May 2024 — Monthly analysis of Russian fossil fuel exports and sanctions – Centre for Research on Energy and Clean Air

May 2024 — Monthly analysis of Russian fossil fuel exports and sanctions – Centre for Research on Energy and Clean Air

Russia’s export revenues dropped by 6%, to lowest levels since January, due to voluntary production cuts of crude oil

By Vaibhav Raghunandan, Europe-Russia Analyst and Research Writer; Data Scientist: Panda Rushwood; with contributions from Isaac Levi, Europe-Russia Policy & Energy Analysis Team Lead

Key findings

In May 2024, Russia’s monthly fossil fuel export revenues saw a 6%  month-on-month drop to EUR 697 mn per day, partly due to a 5% drop in exported volumes and also due to a drop in the price of Russian crude oil. 

The drop in crude oil export volumes was also due to Russia’s voluntary production cuts after having exceeded its OPEC + production commitments in April.

Russia’s refining capacity, damaged by Ukrainian drone strikes, recovered sharply in May, with a 12% uptick in oil products export volumes.
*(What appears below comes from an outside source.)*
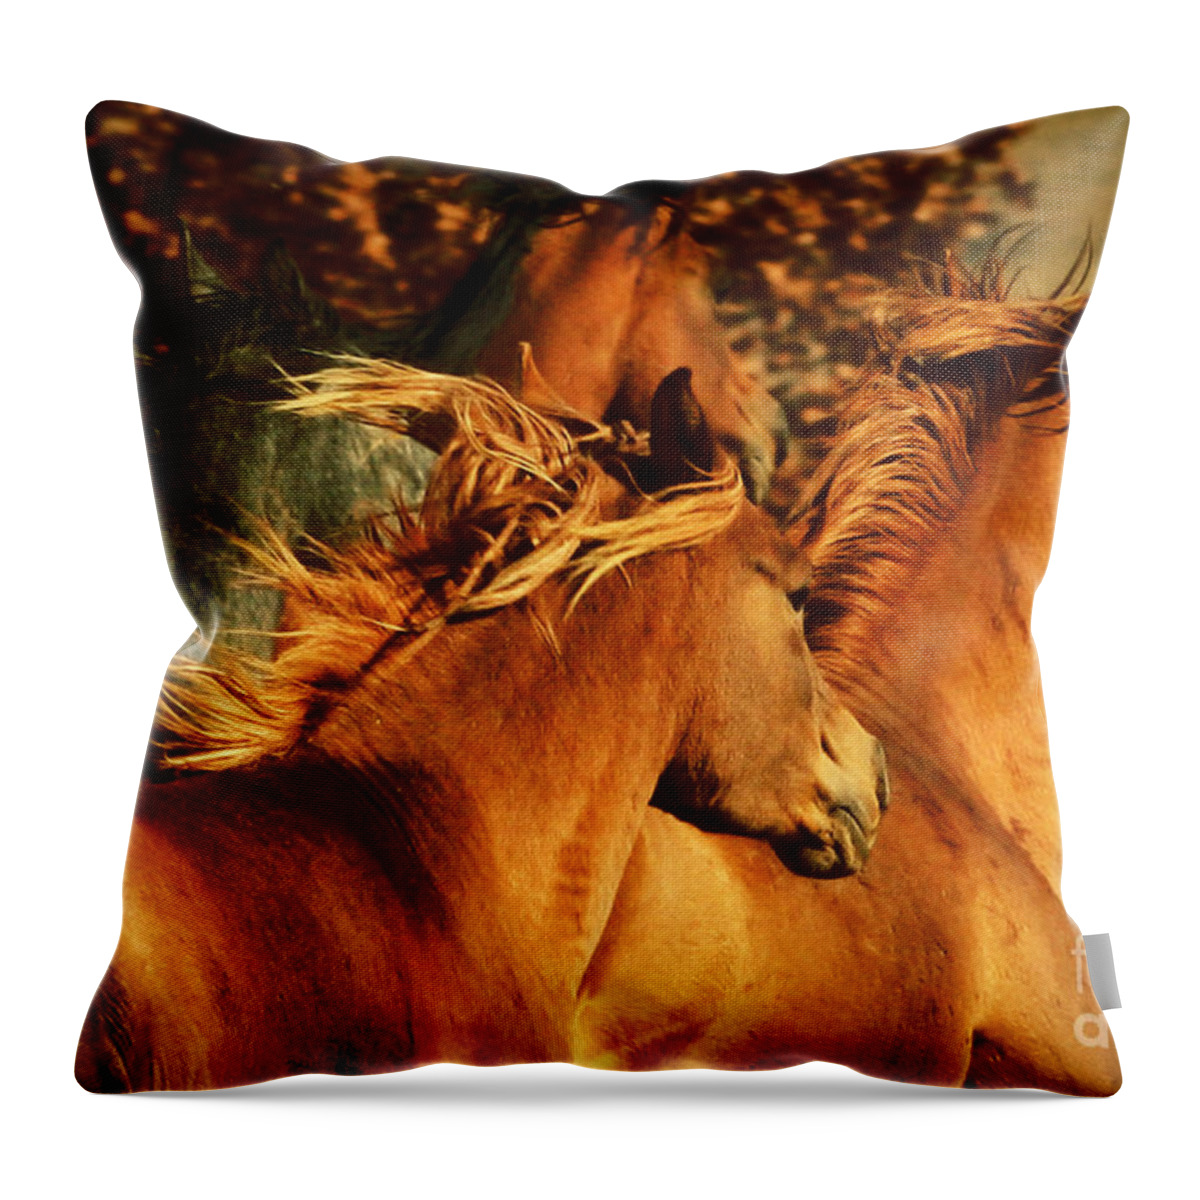 Horse Throw Pillow featuring the photograph Wild Horses by Dimitar Hristov

Russian revenues from exports of seaborne oil products saw an 8% month-on-month increase to EUR 221 mn per day. 

India’s month-on-month imports of Russian crude increased by 8% in May to the highest levels since July 2023. Russian crude comprised 41% of India’s total crude imports in May, and with new agreements in place to conduct payments in rubles, the trade might grow significantly over the coming months. 

Russian LNG comprised 41% of France’s total LNG imports in May — a 14% increase from last month. In May, Belgium’s total LNG imports rose 11% month-on-month, with imports from Russia increasing by 15% and comprising 66% of their total LNG imports.

In May 60% of the volume of Russian oil and its products was transported on ‘shadow’ tankers. 270 ‘shadow’ tankers with an average age of 16 years facilitated the Russian oil trade. The insurance coverage of these tankers potentially lacks sufficient Protection & Indemnity (P&I) insurance to cover the cost in the event of an oil spill or catastrophe. In case of accidents, EU countries may bear the financial brunt of the cleanup, not to mention the repercussions of damage to their marine ecology.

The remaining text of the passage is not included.